Conservation Minnesota

Fall 2015 Newsletter: The Clean Water Promise Connection

Water connects each of us as Minnesotans and it connects all conservation issues in our state. Because of Fall-Fishermanwater’s unique importance, Conservation Minnesota and our Minnesota Waters program is working to achieve a lasting legacy for future generations. We call it the Clean Water Promise.

The goals of the Clean Water Promise are clear and achievable:

  • By 2020, state and local officials will have the information, tools, and authority necessary to conserve and sustainably manage the quantity of water in our lakes, streams, and groundwater reserves.
  • By 2025, Minnesotans will enjoy lakes and rivers that have 95% less plastic pollution.
  • By 2030, every Minnesotan will be drinking safe, non-polluted water.
  • By 2040, Minnesota will protect children from mercury pollution. Individuals, business, and industries in our state will have stopped adding mercury to our lakes.
  • By 2050, Minnesotans will have peace of mind knowing that every one of our lakes is safe for swimming. Currently polluted lakes will be cleaned up, and our most pristine lakes will be protected for future generations to experience.

One central way to achieve these important goals is connecting our community coordinators with lake associations. Lake Associations have a variety of concerns and recognize that there are many factors that affect the quality of water in our lakes.

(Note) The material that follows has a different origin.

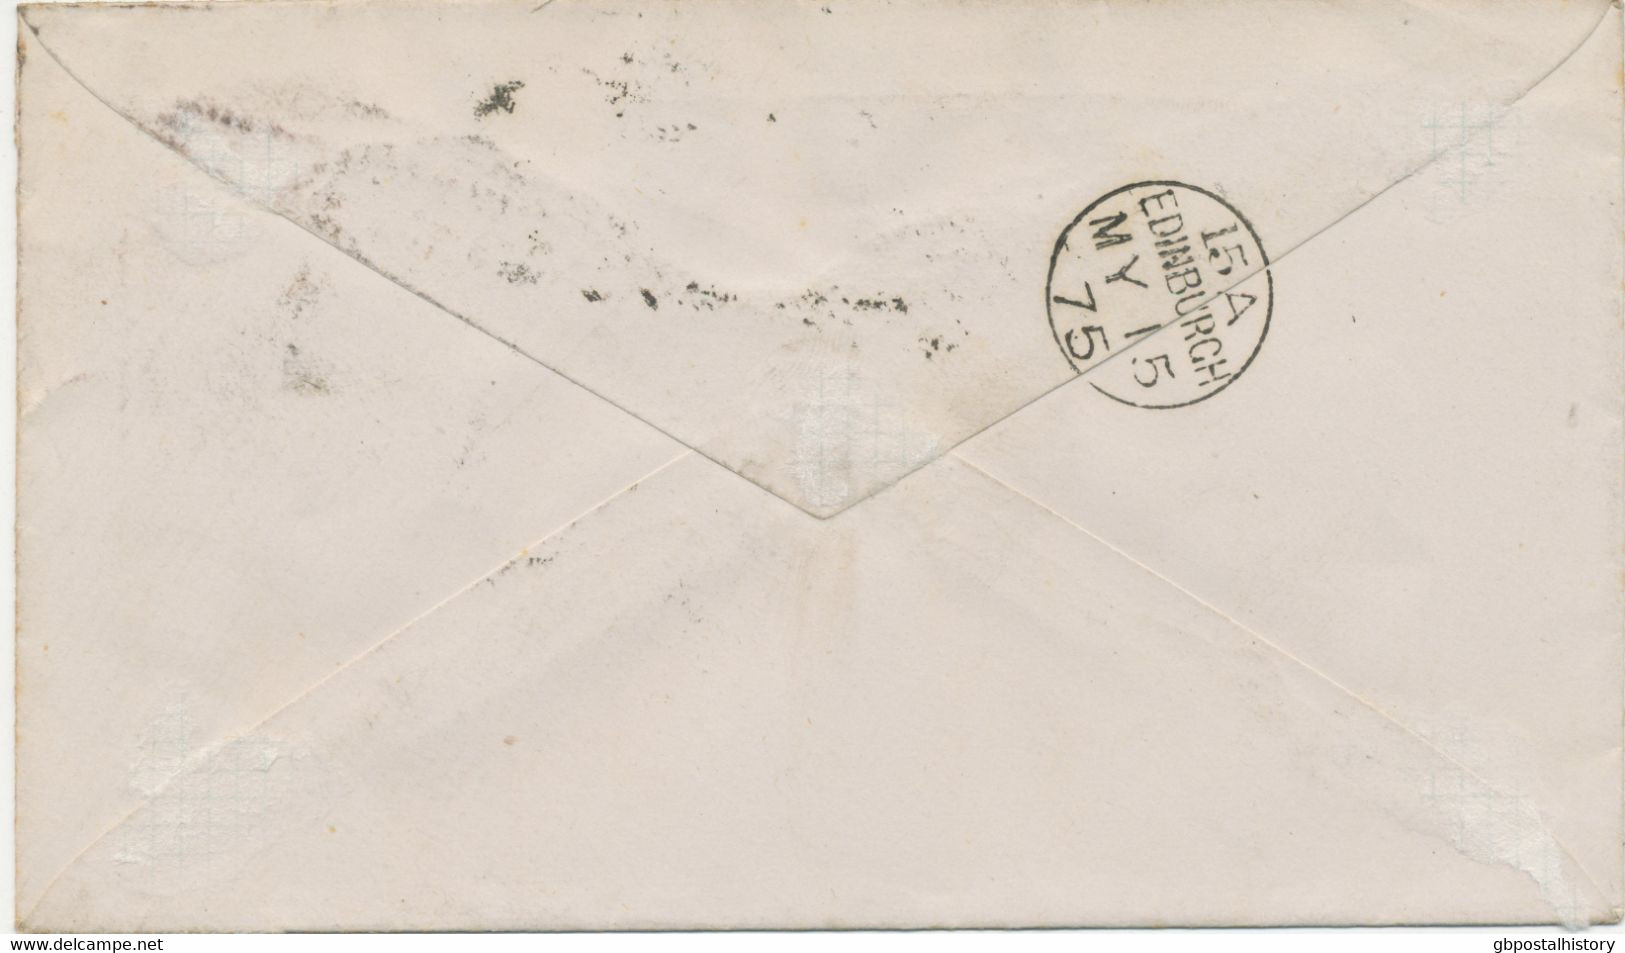 GB „159 / GLASGOW“ Scottish Duplex (4 Bars With Same Length, Time Code „2 &“, Datepart 20mm) On Very Fine Cover - Briefe U. Dokumente

An outstanding example is Judy Schaubach, President of the Long Lake Improvement Association in Isanti County who worked with coordinator, Jackie Halberg, to arrange a presentation and legislative update to the Lakes and Rivers Association of Pine, Isanti, Chisago, Kanabec and Mille Lacs Counties (PICKM). As a result, Conservation Minnesota’s message was multiplied from one lake in Isanti County to all the lakes in five counties. The power of our lake association network is growing rapidly and we appreciate the enthusiasm of people who are committed to protecting their lakes.